Download Seamless Cloning Code & Example Images
Scroll down to the download section ( bottom of this post ) to get instant access to C++ and Python code and images in this post.
Poisson Image Editing
Seamless cloning in OpenCV is an implementation of an influential SIGGRAPH 2003 paper titled “Poisson Image Editing”, by Patrick Perez, Michel Gangnet, and Andrew Blake.
Now we know that if we blend the intensities ( RGB values ) of the source image ( the airplane ) with the destination image ( sky ) using a carefully created mask we will obtain a result like Figure 3. The central insight in the paper is that working with image gradients instead of image intensities can produce much more realistic results.
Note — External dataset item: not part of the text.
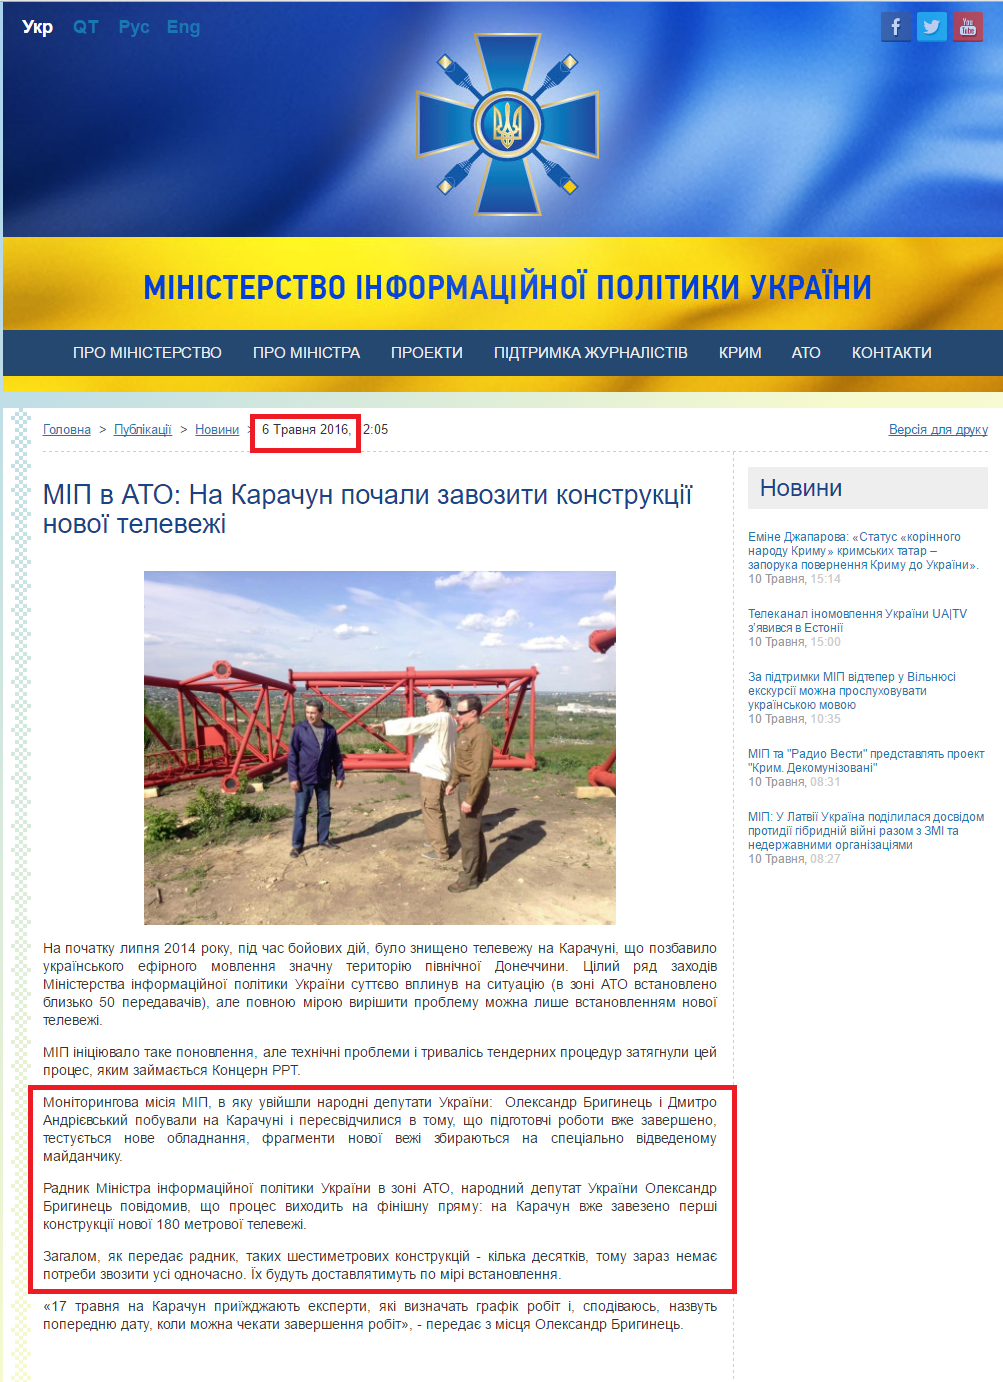 http://mip.gov.ua/news/1167.html

After seamless cloning the intensity of the result image in the masked region is NOT the same as the intensity of the source region in the masked region. Instead, the gradient of the result image in the masked region is about the same as the gradient of the source region in the masked region. Additionally, the intensity of the result image at the boundary of the masked region is the same as the intensity of the destination image (sky).
The authors show that this is done by solving a Poisson equation, and hence the title of the paper — Poisson Image Editing. The theoretical and implementation details of the paper are actually very cool, but beyond the scope of this post. However, if you read the paper and have questions, feel free to ask them in the comments section.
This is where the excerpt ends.